• [Directions]
Transcribe every entry word for word. Skip the pictures.

• [Recorded data]
· · ·
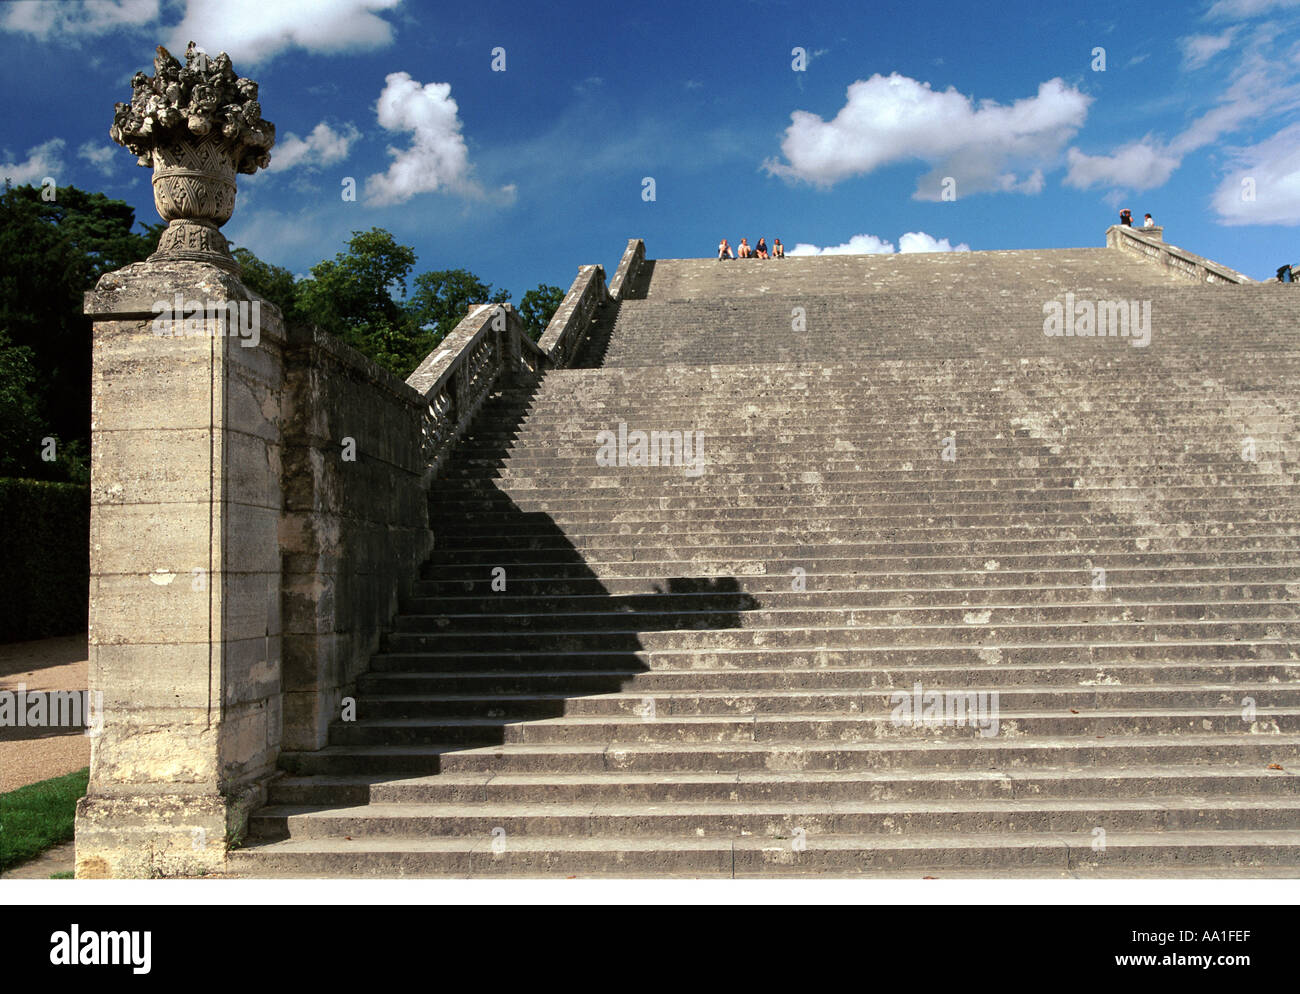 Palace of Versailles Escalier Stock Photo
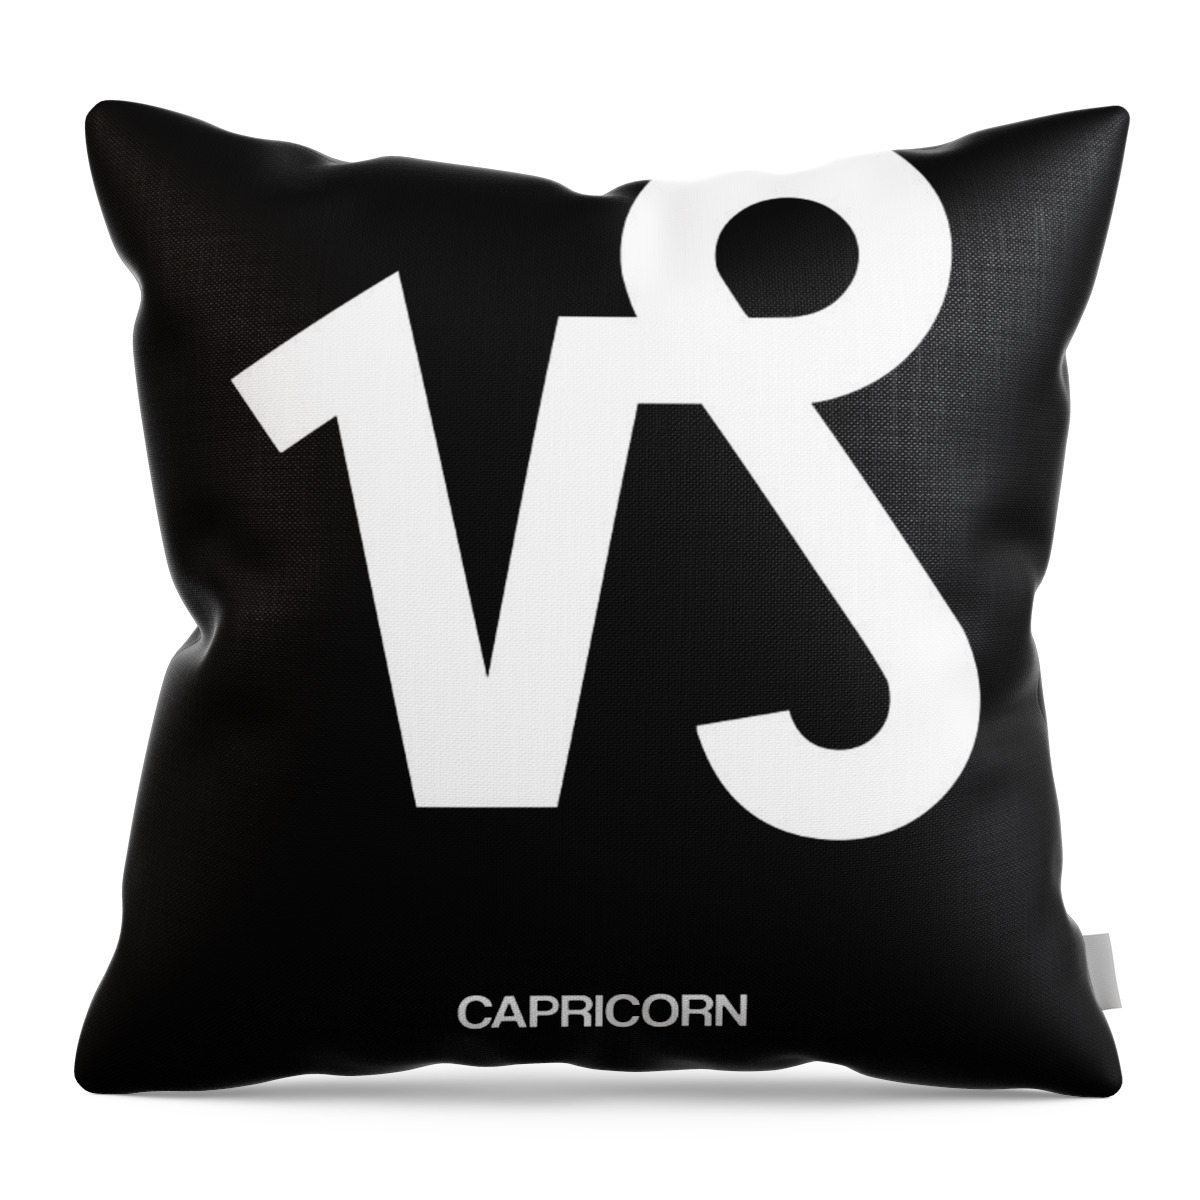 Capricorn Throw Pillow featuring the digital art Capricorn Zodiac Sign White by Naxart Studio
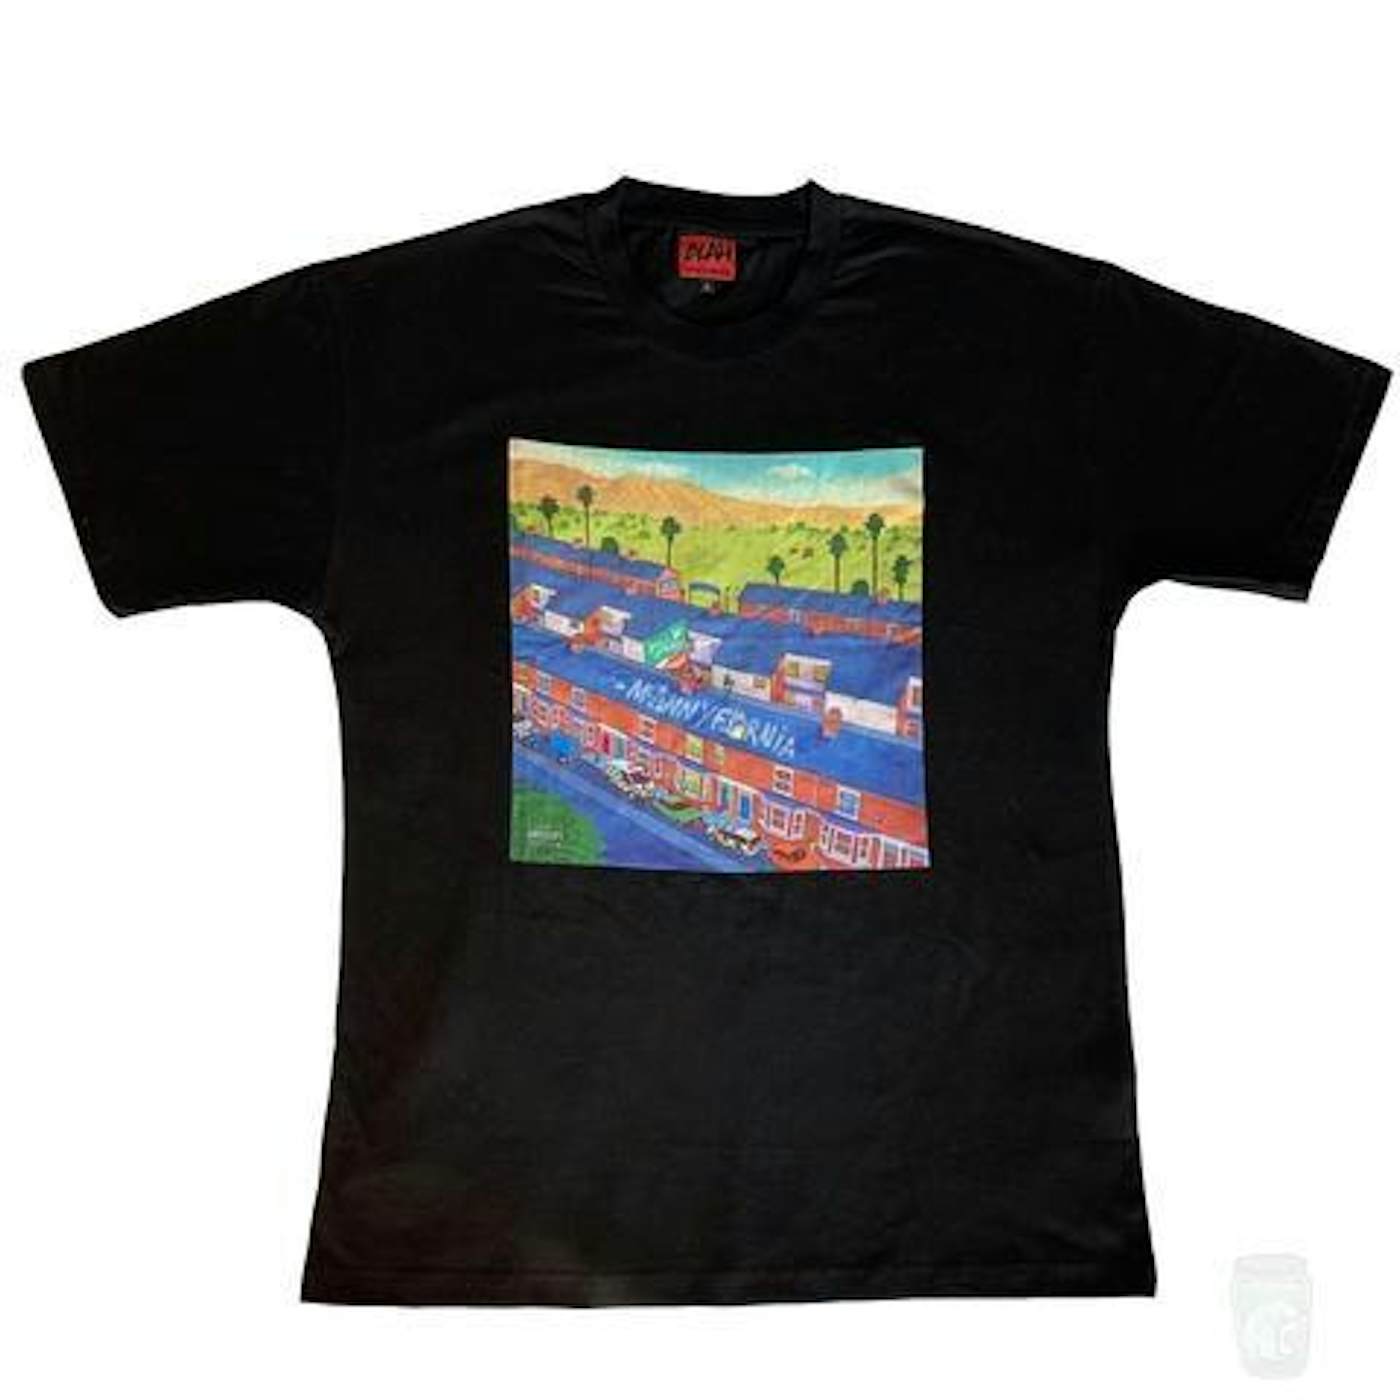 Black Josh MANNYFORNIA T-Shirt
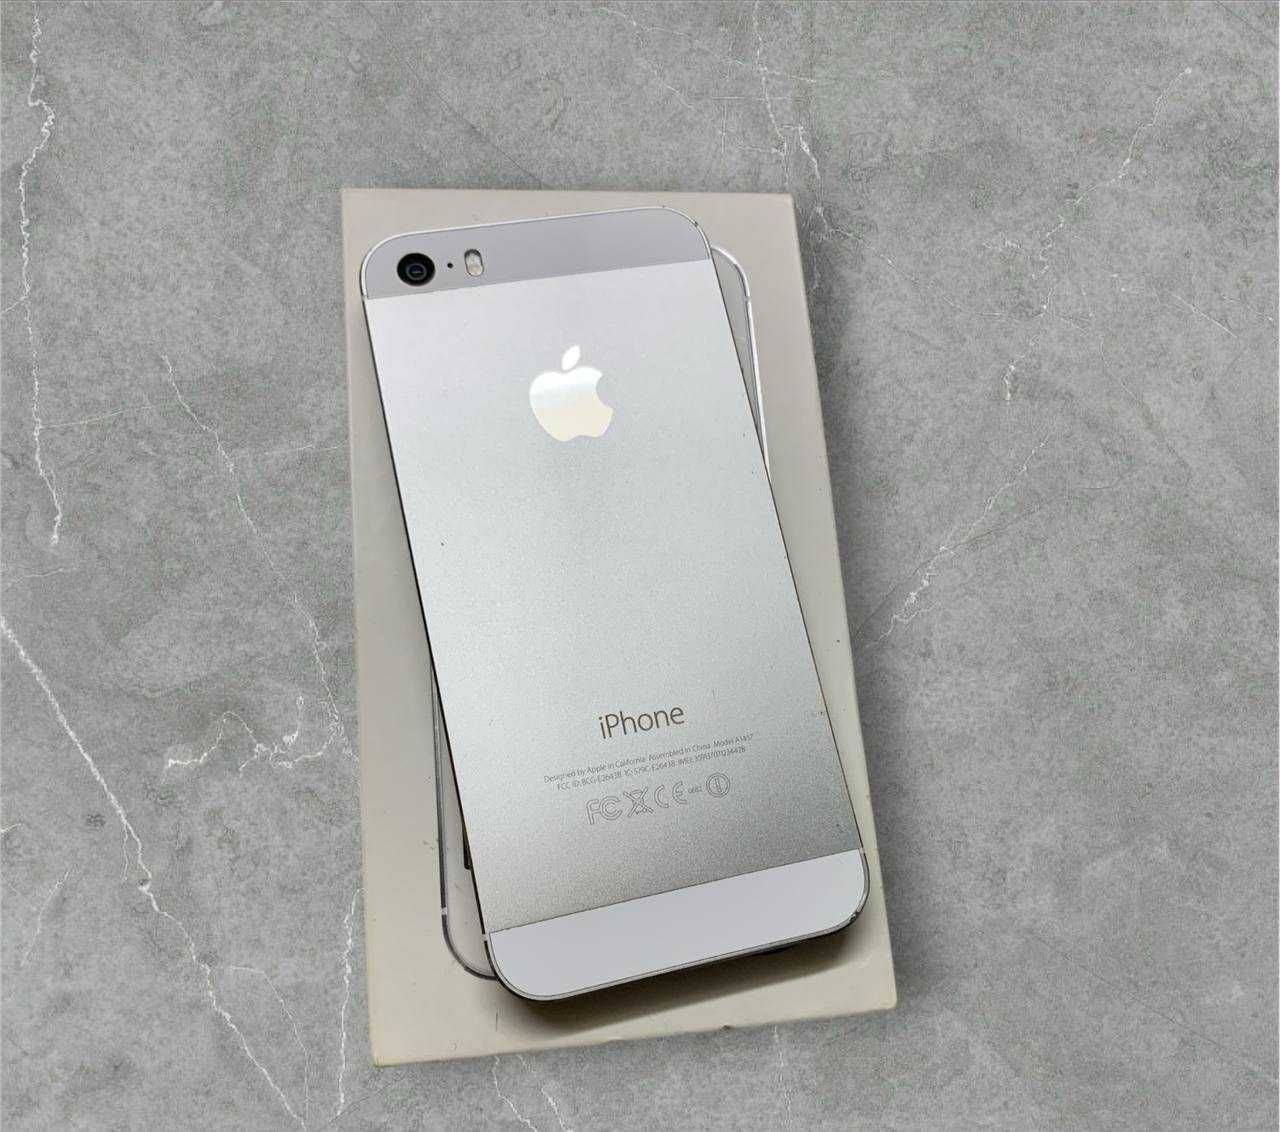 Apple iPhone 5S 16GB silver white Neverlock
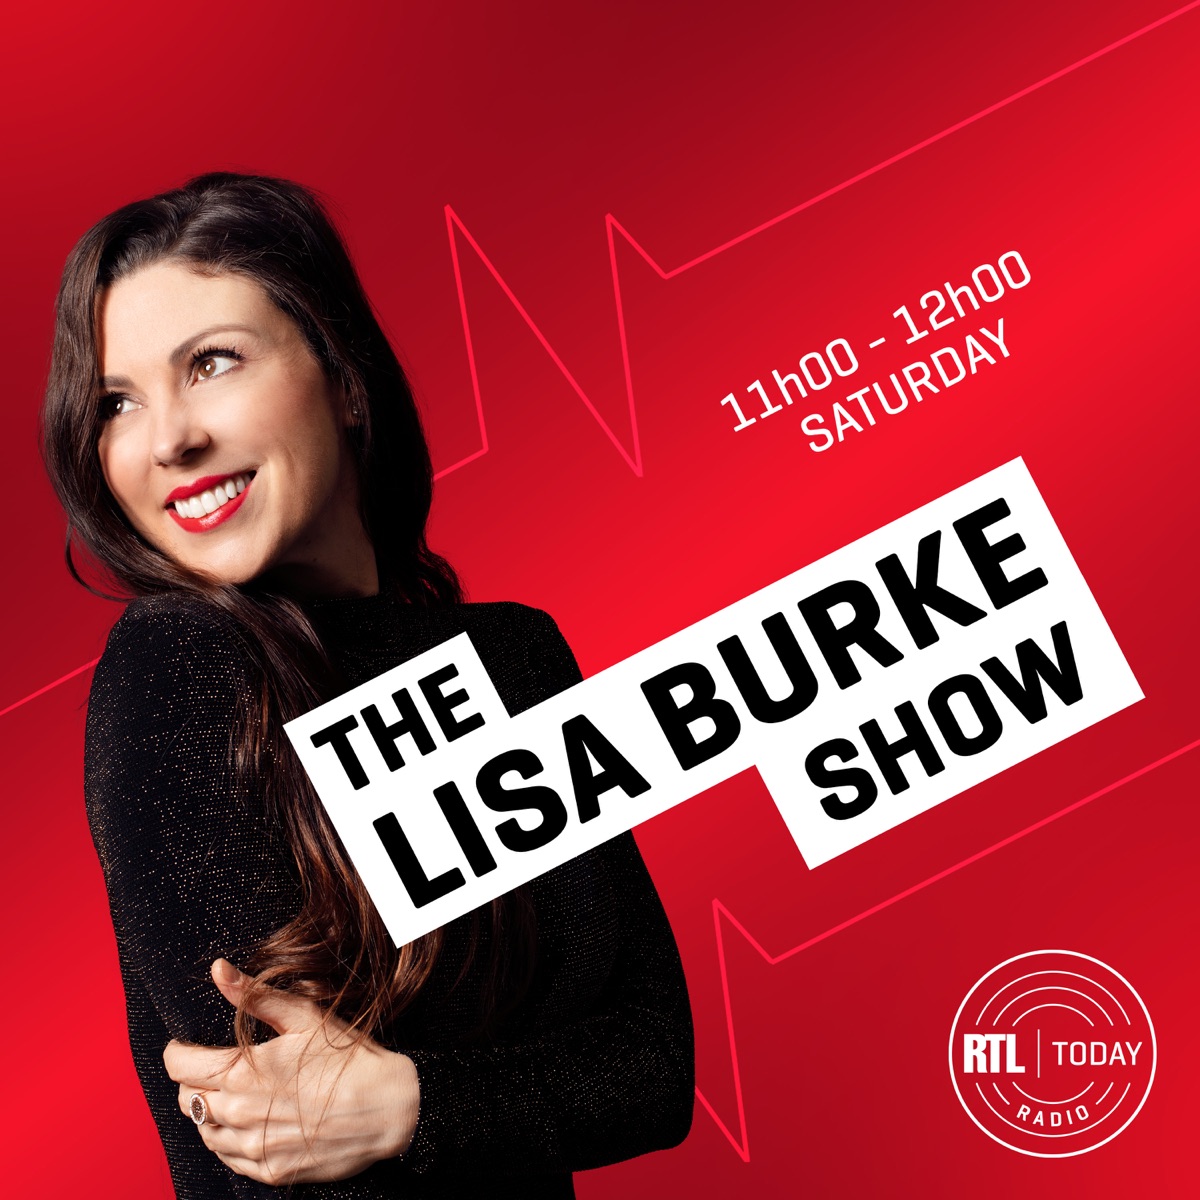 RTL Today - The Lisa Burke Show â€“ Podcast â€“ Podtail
· · ·
• [Answer to this problem]
 Palace of Versailles Escalier Stock Photo
 Capricorn Throw Pillow featuring the digital art Capricorn Zodiac Sign White by Naxart Studio
 Black Josh MANNYFORNIA T-Shirt
 Apple iPhone 5S 16GB silver white Neverlock
 RTL Today - The Lisa Burke Show â€“ Podcast â€“ Podtail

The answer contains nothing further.